India’s COVID crisis pushes up the cost of living – and dying
Lucknow, India, May 15 (KMS) – Ashok Khondare, a 39-year-old vegetable seller in the western Indian city of Pune, had already borrowed money to pay for his sister’s treatment when she died in a private hospital two weeks after contacting COVID-19.
While trying to overcome the tragedy, he also had to deal with money problems that increased with his sister’s death.
The only available hearse driver charged 5,000 Indian rupees ($68) for a 6-km (four-mile) journey to the nearest crematorium – five times the going rate. When Khondare reached there, there was a long queue of dead bodies and waits of more than a day. He agreed to pay another 7,000 rupees to jump the queue.
“I had been experiencing a terrible situation for a fortnight,” he said. “I couldn’t sleep or eat properly. I wanted to end this as early as possible and didn’t mind paying an irrational amount.”
India’s second wave of the coronavirus has not only created shortages of oxygen, medicines and hospital beds, but also of wood for funeral pyres, hearses and crematorium slots, forcing people like Khondare to pay exorbitant amounts to perform the last rites of loved ones.
India is reporting by far the highest number of new daily cases globally, and over 4,000 deaths per day – figures that are almost certainly under-reported, according to experts.

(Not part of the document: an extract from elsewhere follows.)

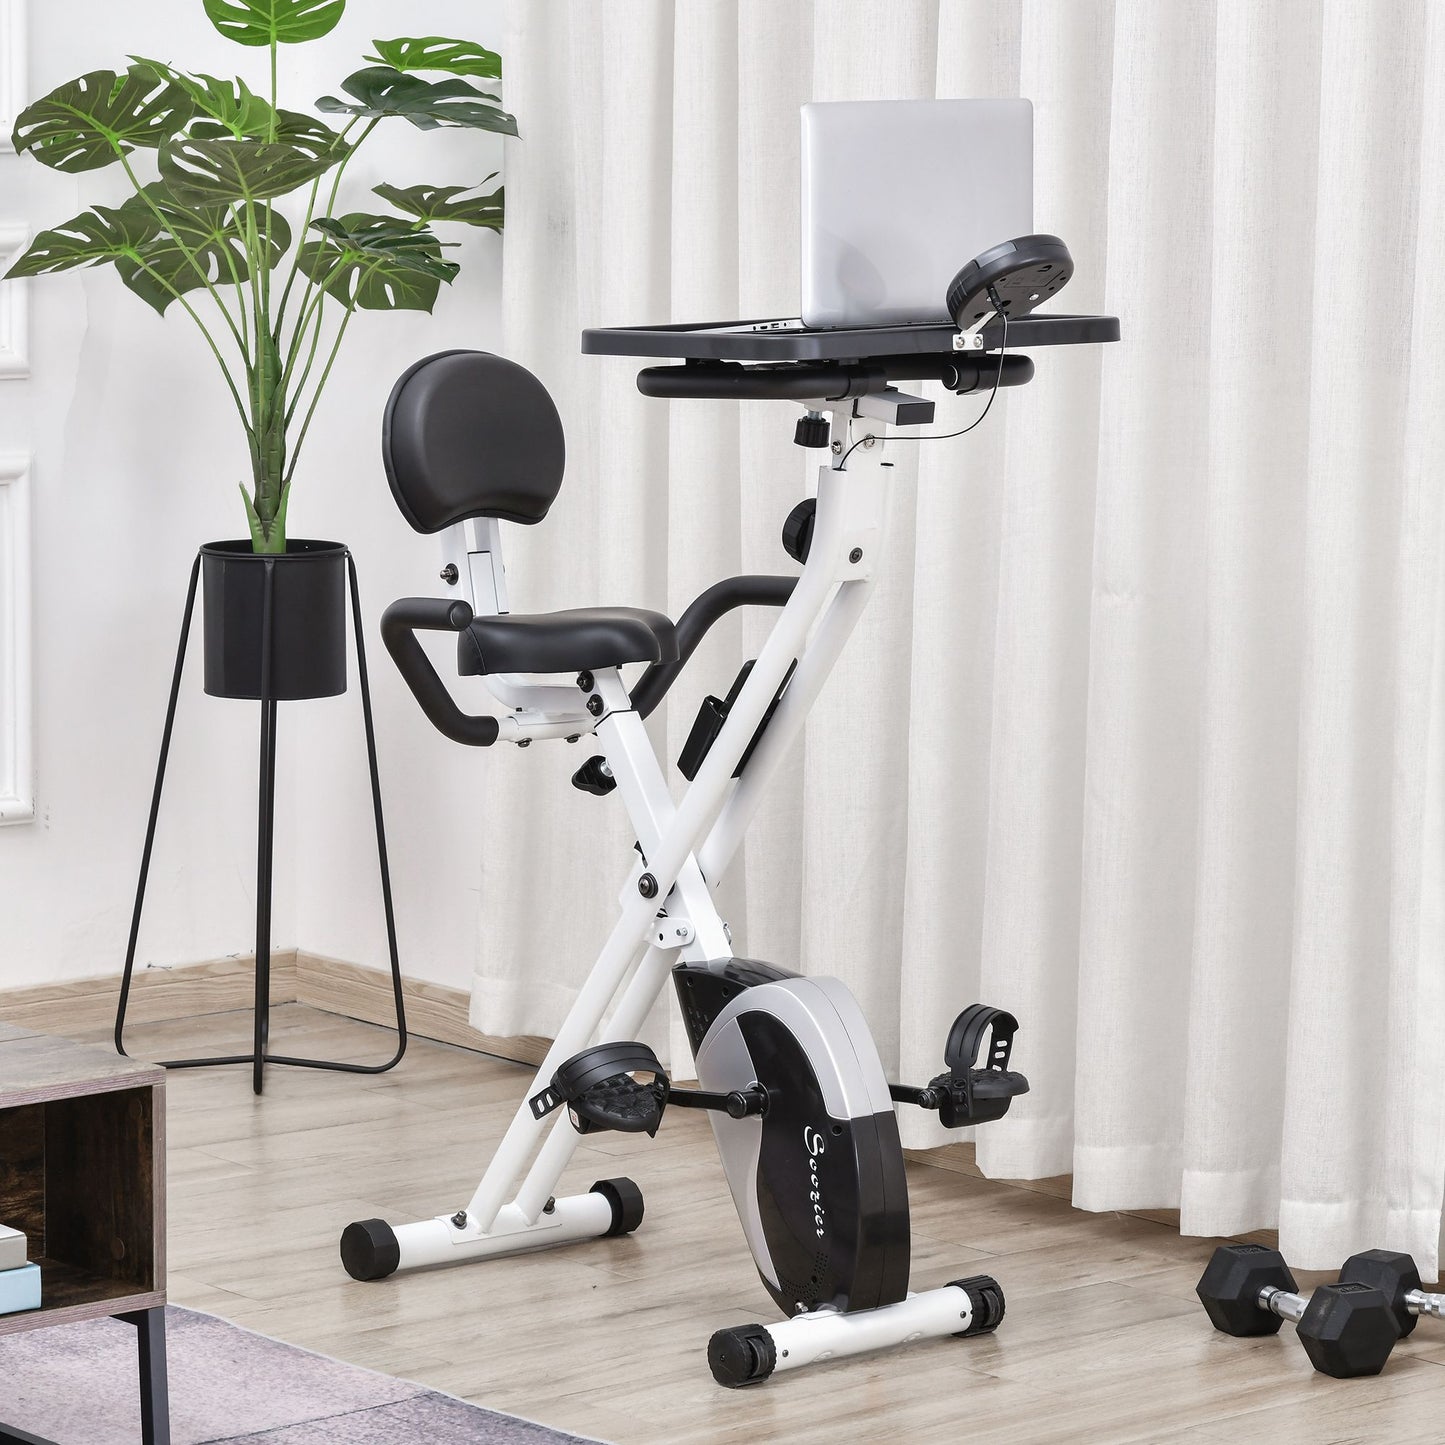 HOMCOM 8-Level Adjust Indoor Magnetic Exercise Bike Cardio Workout Bike Trainer

India’s Hindu majority cremates its dead, and the huge numbers of deaths are creating backlogs at cremation grounds and shortages of manpower and raw materials.
“There is huge demand for firewood used for funeral pyres at crematoria, but supplies are not sufficient,” said Rohit Pardeshi, a firewood merchant in Satara, a city in the western Indian state of Maharashtra.
Due to a local lockdown designed to curb the pandemic, there is a shortage of people to cut trees and those workers who are available are asking for higher wages.